Ce droit d’initiative est complété par des droits spécifiques relatifs aux opérations concrètes de secours prévus par les Conventions de Genève et leurs Protocoles additionnels. Ils définissent des standards opérationnels.
- Toute organisation humanitaire impartiale peut se voir accorder :
- le libre accès aux victimes des situations de conflit ;
- le droit de libre évaluation des besoins humanitaires de ces victimes ;
- le droit d’entreprendre des actions de secours quand la population souffre de privation excessive par manque d’approvisionnement en biens essentiels à sa survie ;
- le droit de contrôler que la fourniture de ces secours s’effectue sans aucune discrimination défavorable autre que celle fondée sur les besoins ;
- le droit de soigner les malades en tout temps et en tout lieu conformément aux principes de la déontologie médicale.
- Ces standards opérationnels doivent être respectés et défendus dans l’action quotidienne par les organisations de secours.
Ils peuvent être invoqués dans toutes les situations de conflit. Ils doivent être rappelés dans les accords signés entre l’organisation humanitaire et les autorités nationales ou autres.
Les organisations de secours participent ainsi à consolider et à renforcer la coutume internationale des secours humanitaires. À défaut, elles risquent au contraire d’affaiblir les principes du droit international humanitaire.
- la Déclaration de Londres de 1909 relative au droit de la guerre maritime ;
- le procès-verbal de Londres de 1936 concernant les règles de la guerre sous-marine prévues par le traité de Londres de 1930.
Ce principe de neutralité a été l’objet de nombreuses controverses autour du silence du CICR pendant la Seconde Guerre mondiale. Les contours de ce principe ont depuis été révisés.
- Aujourd’hui, la neutralité n’est plus présentée comme un principe intangible de l’action humanitaire, mais comme un principe opérationnel. Cela signifie qu’il ne sera respecté qu’au regard de son efficacité dans l’action de secours. Il est admis que la prise de position publique ne contrevient pas forcément à ce principe. La neutralité n’est pas synonyme d’obligation de silence ou de confidentialité absolue. Elle se décline diversement selon les situations et selon le type d’activité de secours pratiqué. Elle ne s’oppose pas à une communication soucieuse de l’intérêt général des victimes et respectueuse du caractère « sensible » de certaines informations.

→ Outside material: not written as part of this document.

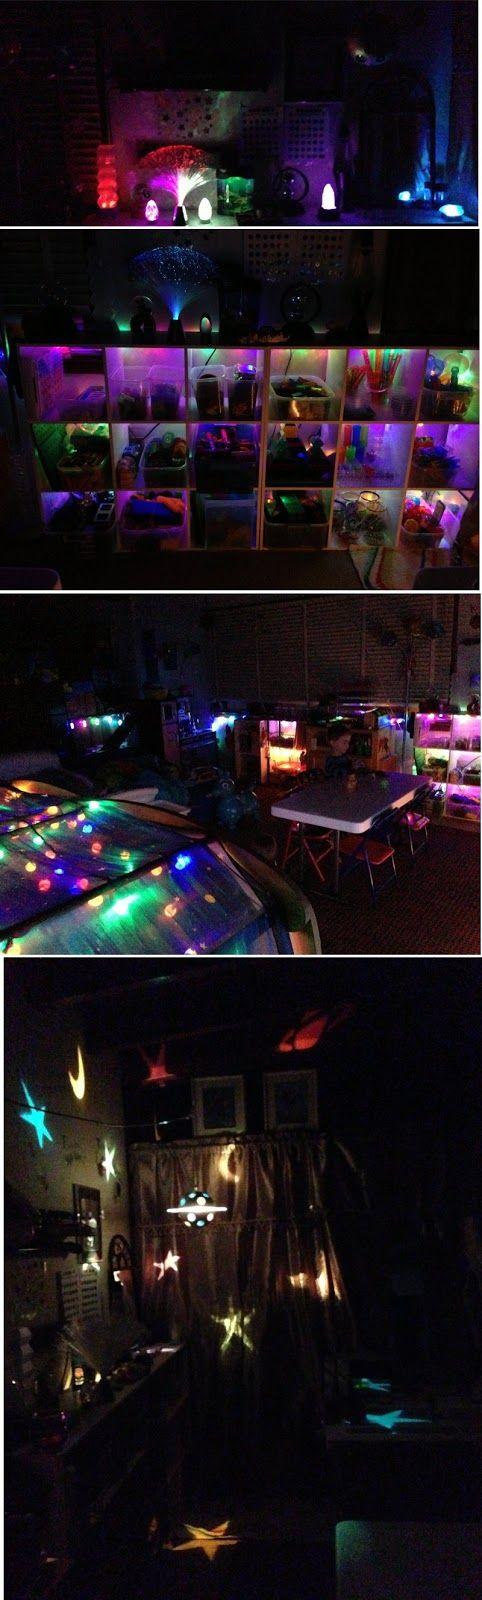 Reggio fridays playroom lighting at night
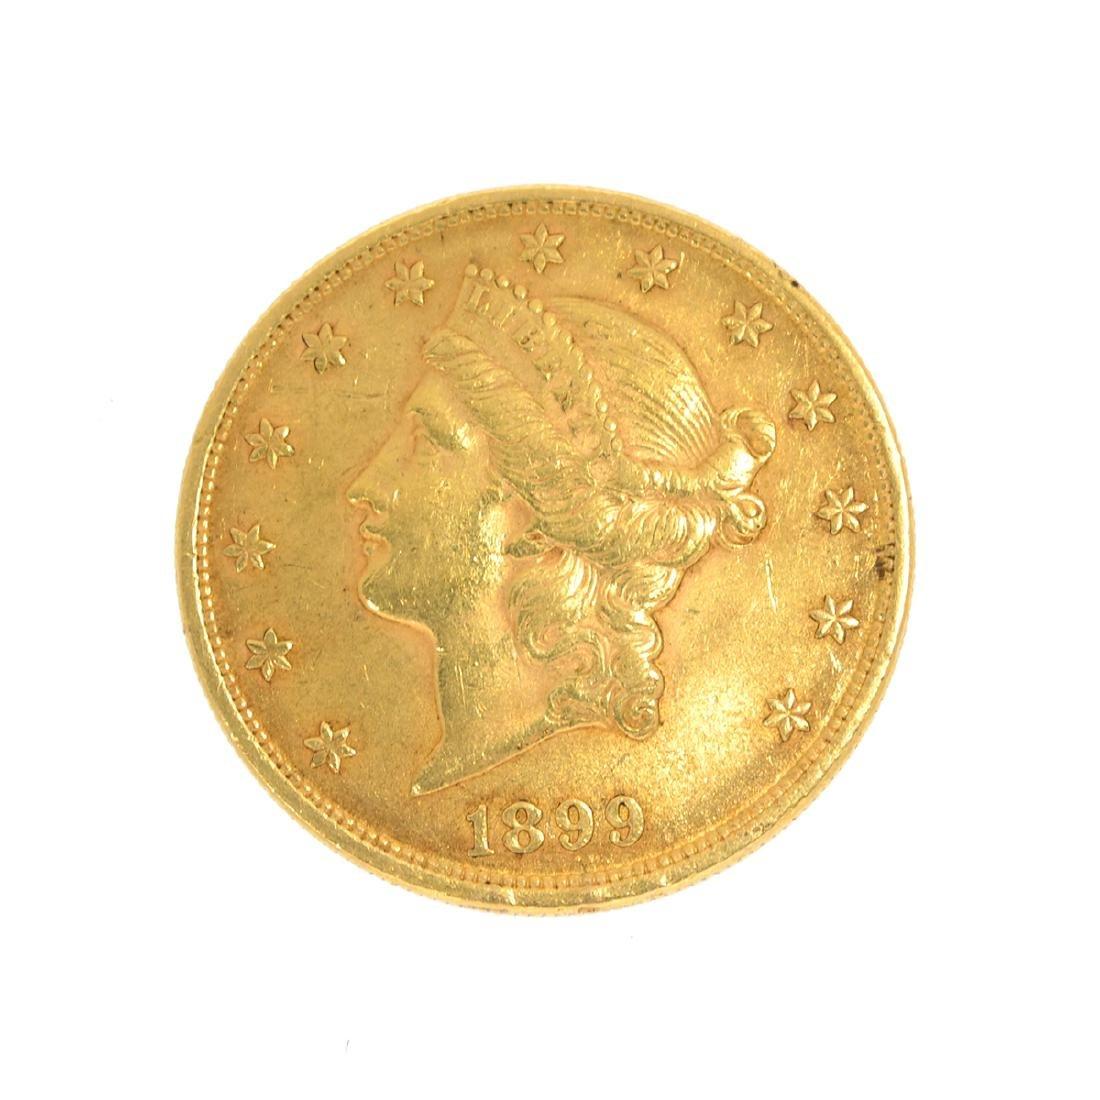 *1899 $20 U.S. Liberty Head Gold Coin (DF)

Le mouvement international de la Croix-Rouge et du Croissant-Rouge a d’ailleurs entériné le fait de procéder lui-même à des dénonciations publiques des violations graves et répétées du droit humanitaire lors du conflit en ex-Yougoslavie notamment.
Le droit humanitaire prévoit lui-même que ces dénonciations doivent être adressées aux États et à l’ONU (GPI art. 89). De toute évidence, l’opinion publique et les médias ont également un rôle majeur à jouer dans cette chaîne des recours.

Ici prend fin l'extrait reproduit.